In contrast, businesses that cling to outdated notions of hyper-individualism risk stagnation and high turnover costs. Employee burnout, dissatisfaction, and lack of engagement directly impact a company's bottom line. Research from the American Psychological Association indicates that workplace stress alone costs U.S. businesses over $500 billion annually, largely due to absenteeism, low productivity, and turnover. Creating environments that support teamwork and shared responsibility significantly mitigates these costs.


Action Items to Shift Thinking

  1. Emphasize Collaboration Over Competition – Encourage team-based projects, shared goals, and knowledge exchange within workplaces.

  2. Advocate for Policies That Support Interdependence – Support local and national policies that invest in education, healthcare, and infrastructure to build stronger communities.

  3. Challenge Individualistic Narratives in Leadership – Promote stories of collective success rather than lone genius myths.

  4. Invest in Employee Well-Being – Businesses should provide mental health resources, flexible work options, and initiatives that promote work-life balance.

  5. Educate Through Media and Training – Implement workshops, leadership training, and company-wide discussions on the benefits of interdependence in work and society.

  6. Redefine Success Metrics – Move away from individual productivity metrics and focus on collective outcomes, team achievements, and community impact.


By adopting these action steps, we can begin to dismantle the damaging illusion of the self-made individual and move toward a healthier, more equitable, and economically sound future.


Sources

  • American Psychological Association. (2023). The impact of workplace stress on productivity and economic costs.
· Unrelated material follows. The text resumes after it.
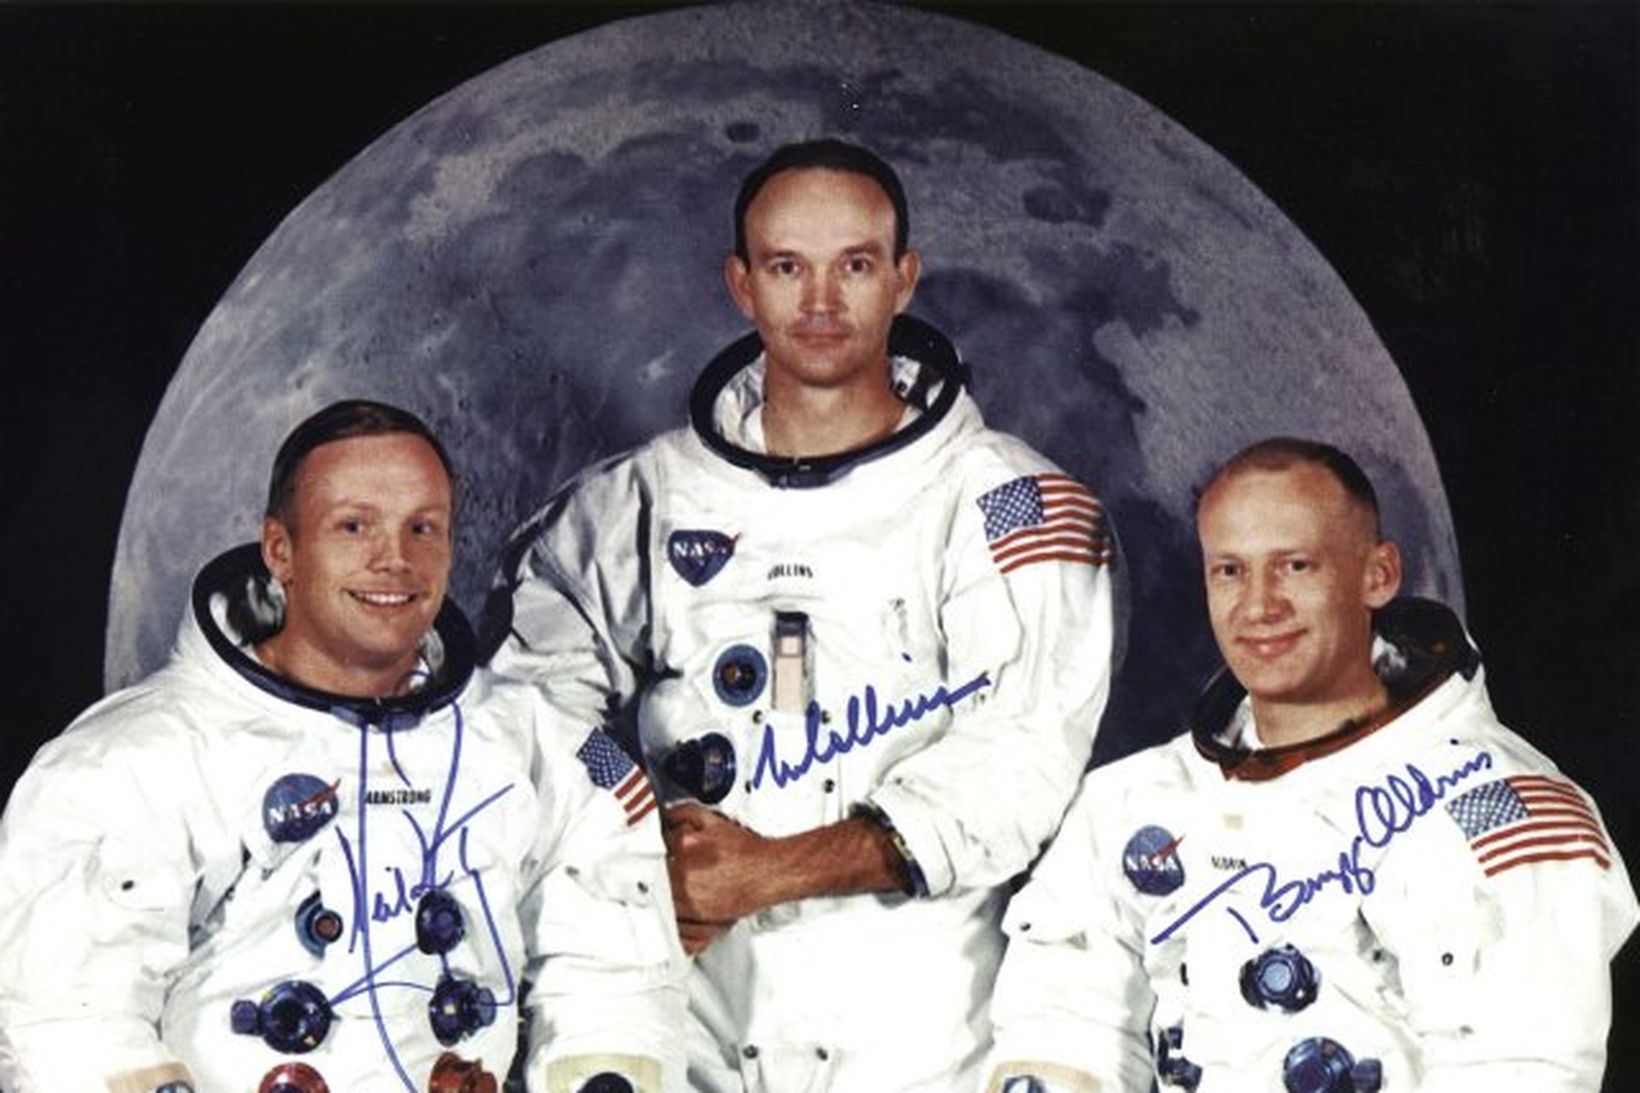 Áhöfnin í Apollo 11 sem lenti á tunglinu árið 1969.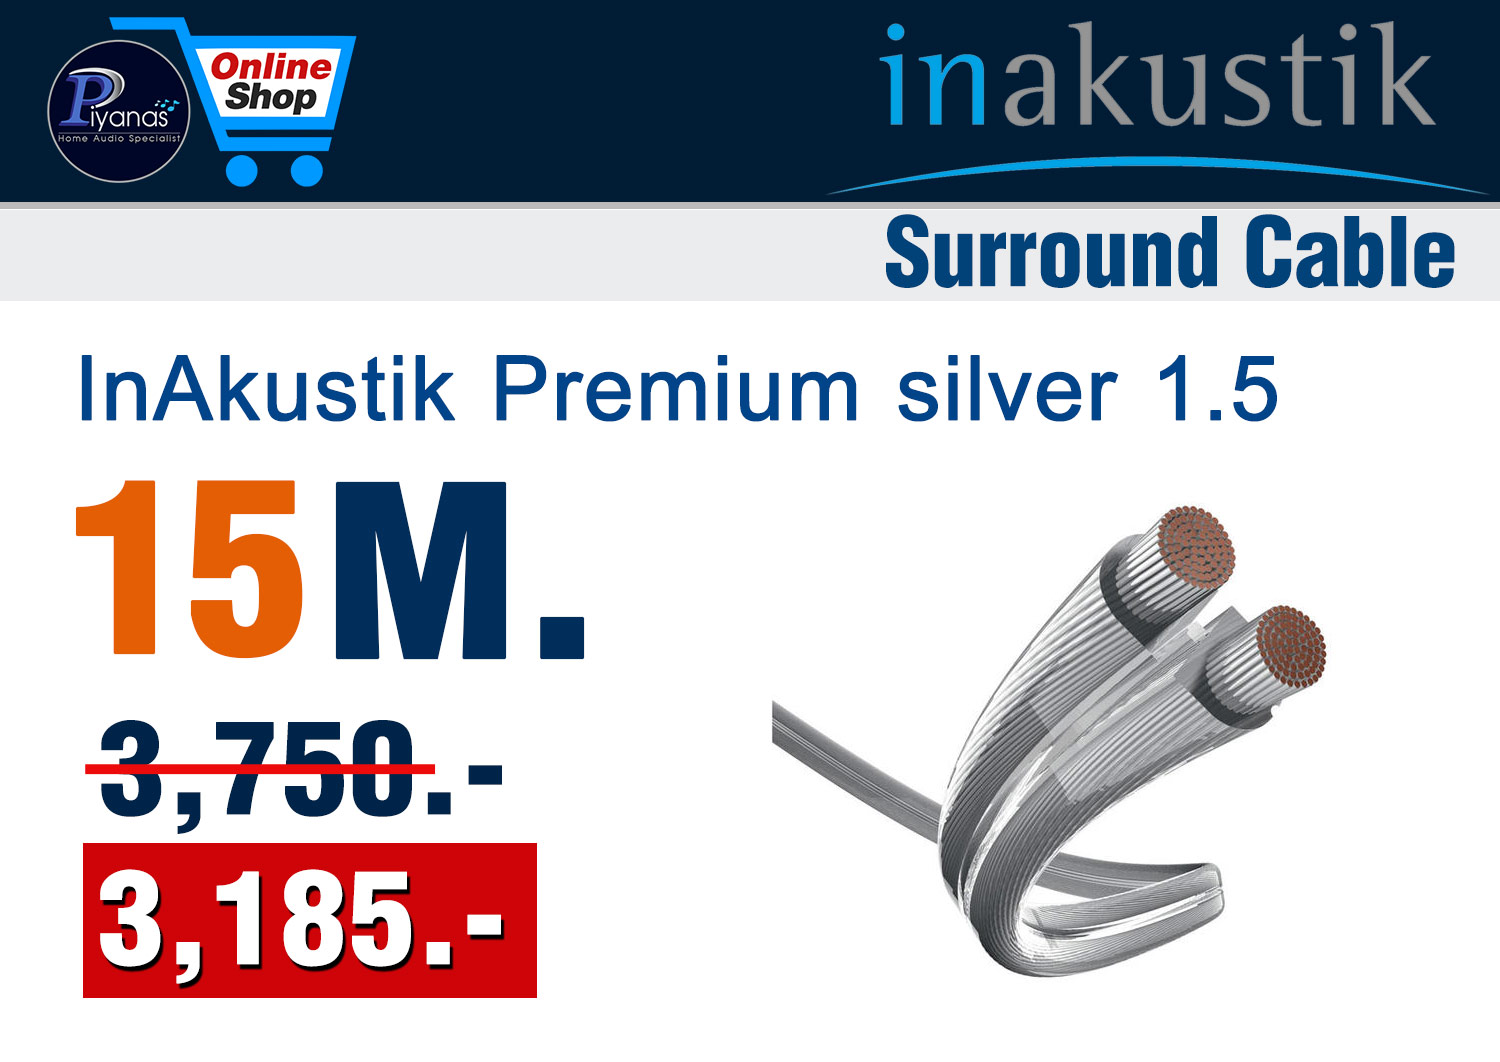 Monitor Premium silver 1.5 (15M.)

APA Research Briefs. 

  • Brookings Institution. (2023). The economic consequences of reducing social safety net programs. Brookings Policy Report. 

  • Center on Budget and Policy Priorities. (2023). How proposed budget cuts affect Medicaid, SNAP, and housing assistance. CBPP Reports. 

  • Harvard Business Review. (2023). The business case for workplace collaboration and its impact on revenue growth. Harvard Business Review.

  • New York Times. (2024). The administration’s push to limit social safety net programs. The New York Times.

  • Politico. (2023). Federal housing program funding reductions and their impact on low-income families. Politico News.

  • The Guardian. (2024). Policy changes, rising inequality, and the consequences of cutting public assistance. The Guardian.

  • World Health Organization. (2022). Mental health at work: Policy brief. World Health Organization.